== MATERIAL FOR THIS EXERCISE ==
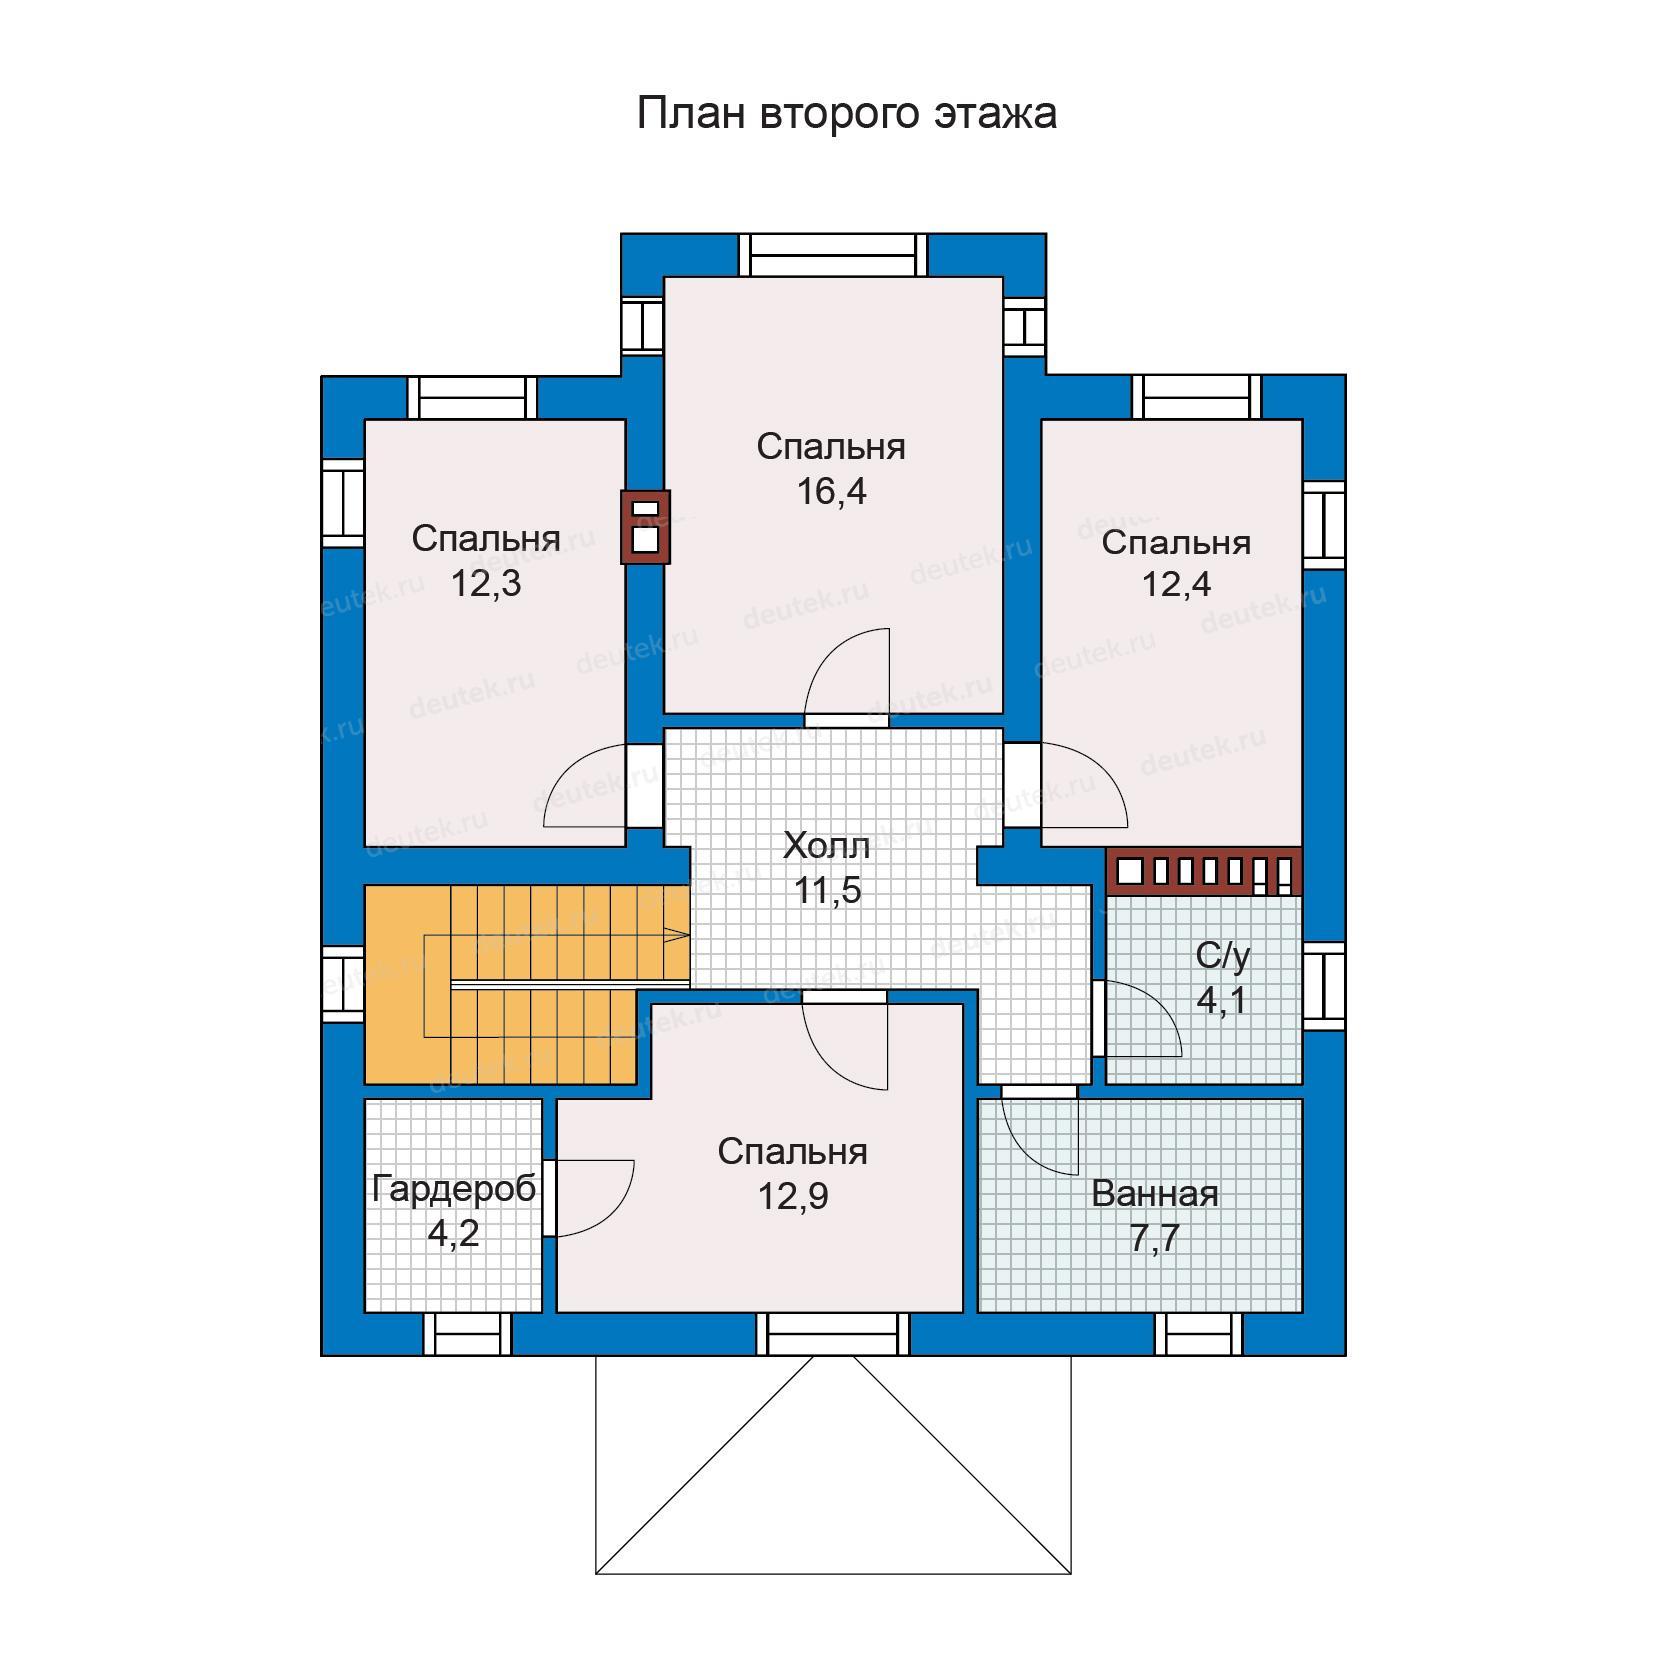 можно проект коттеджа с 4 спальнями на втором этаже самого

...

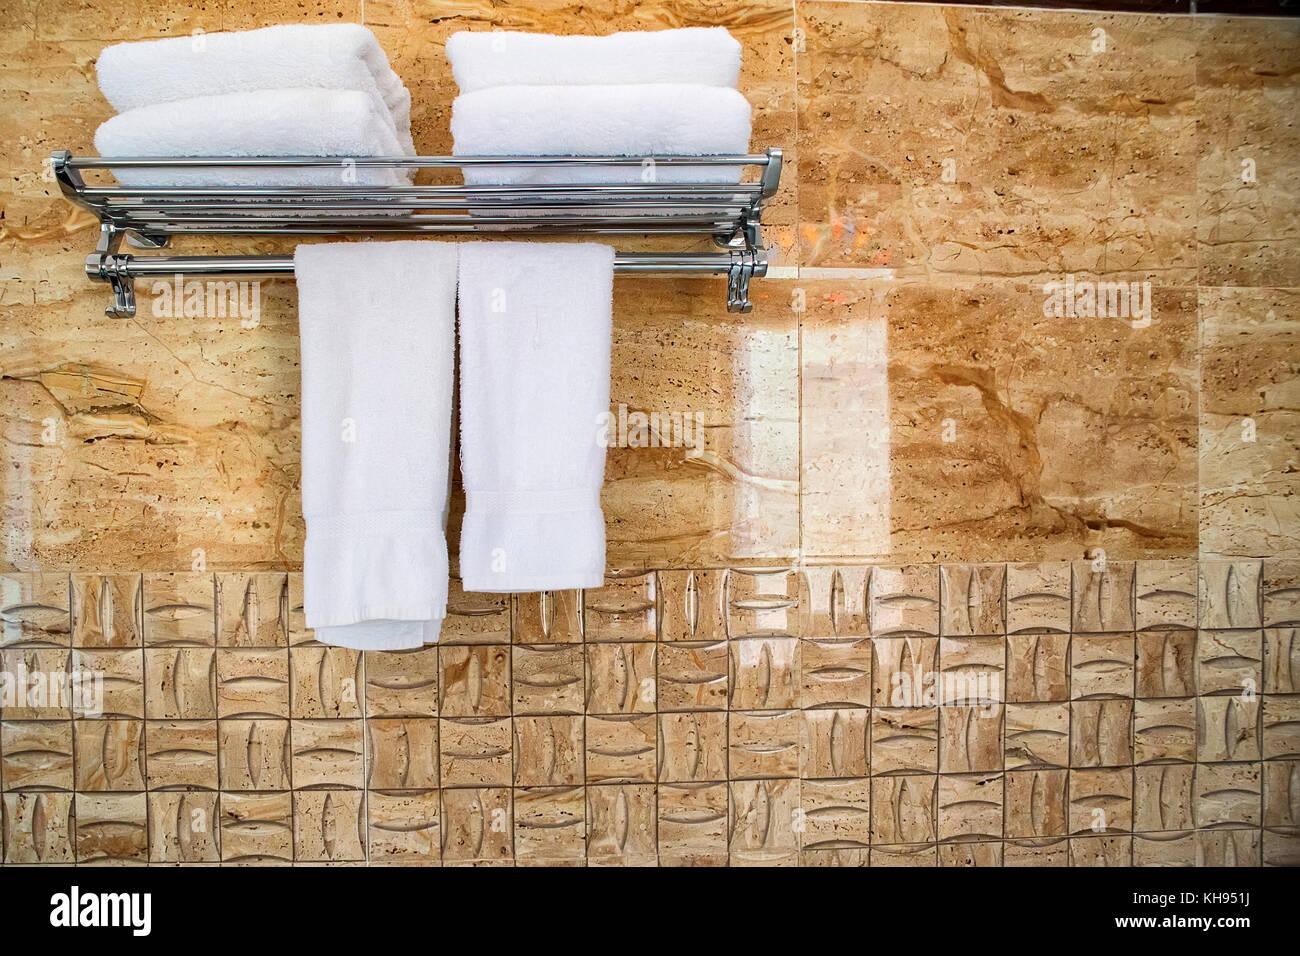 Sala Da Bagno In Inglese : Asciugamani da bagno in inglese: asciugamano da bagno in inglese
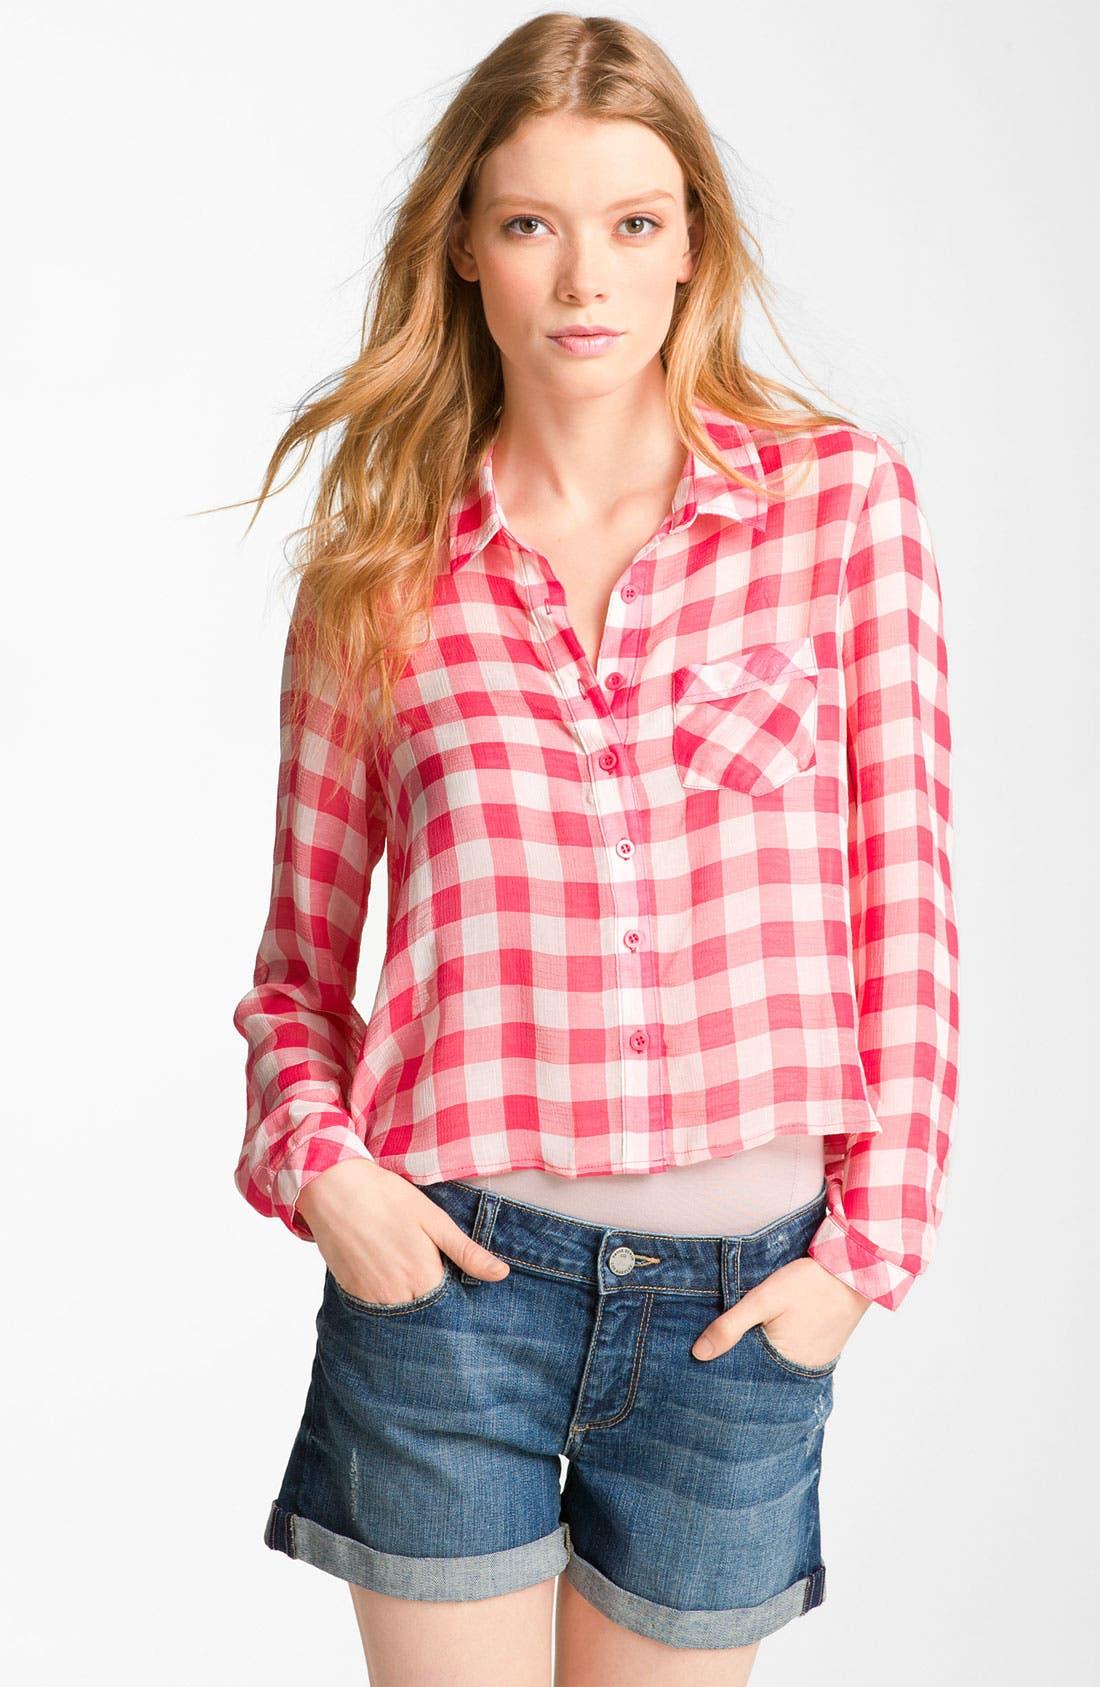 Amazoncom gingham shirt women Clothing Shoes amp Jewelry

...

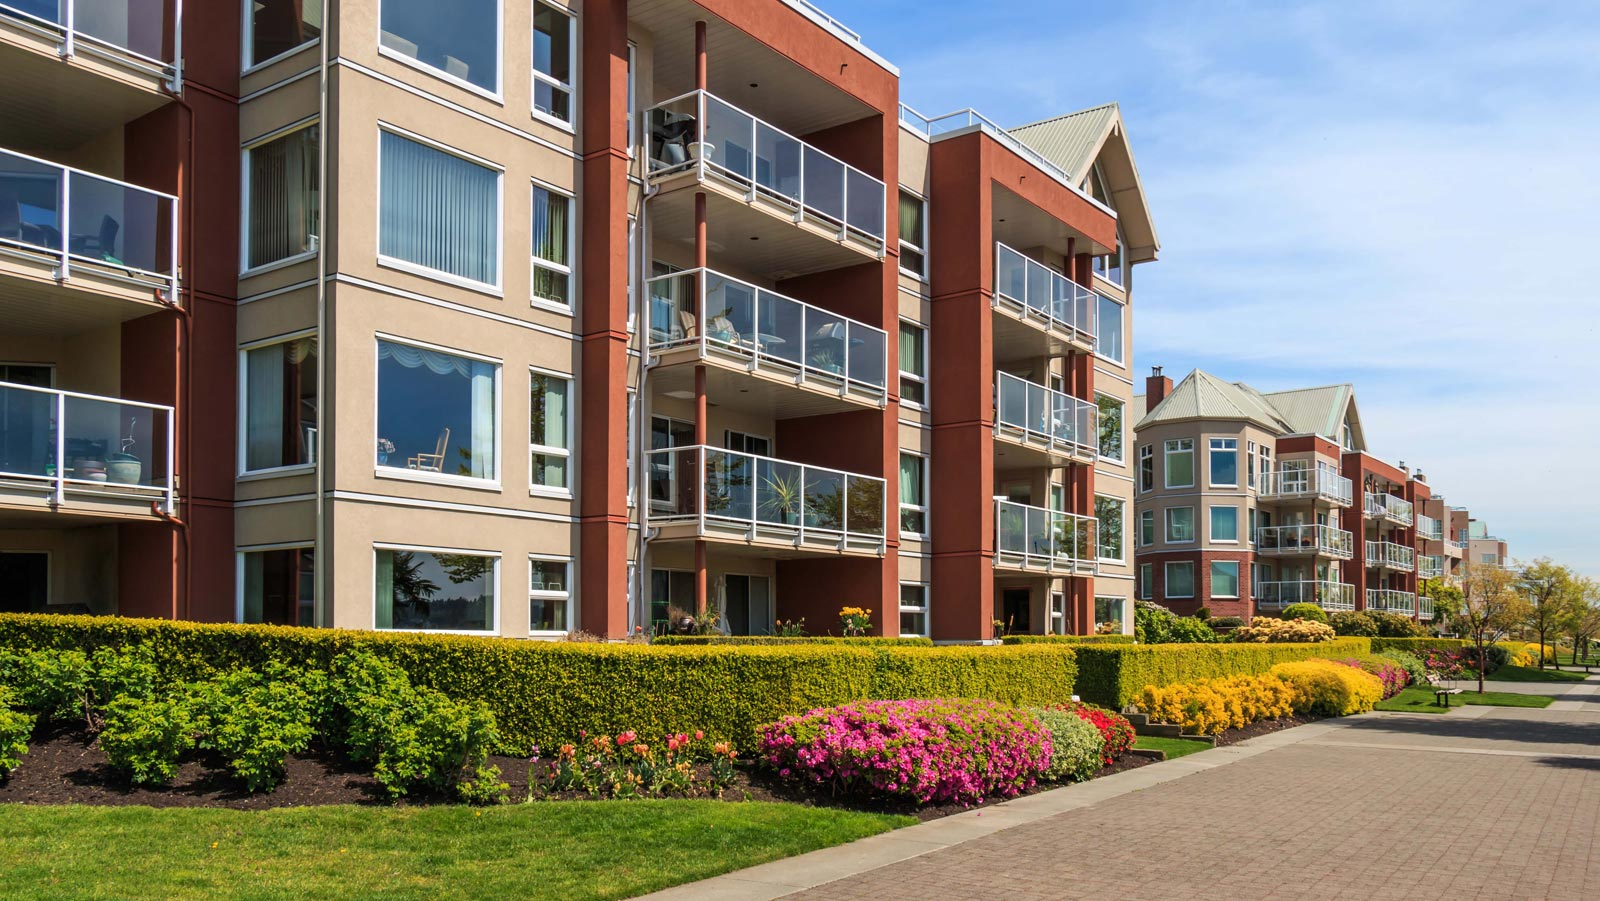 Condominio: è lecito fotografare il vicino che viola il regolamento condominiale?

== DIRECTIONS FOR THIS TASK ==
Restate the lines above from the one containing "Sala Da Bagno" through the one containing "Amazoncom gingham shirt", inclusive, exactly and without pictures.

== SOLVED PROBLEM ==
 Sala Da Bagno In Inglese : Asciugamani da bagno in inglese: asciugamano da bagno in inglese
 Amazoncom gingham shirt women Clothing Shoes amp Jewelry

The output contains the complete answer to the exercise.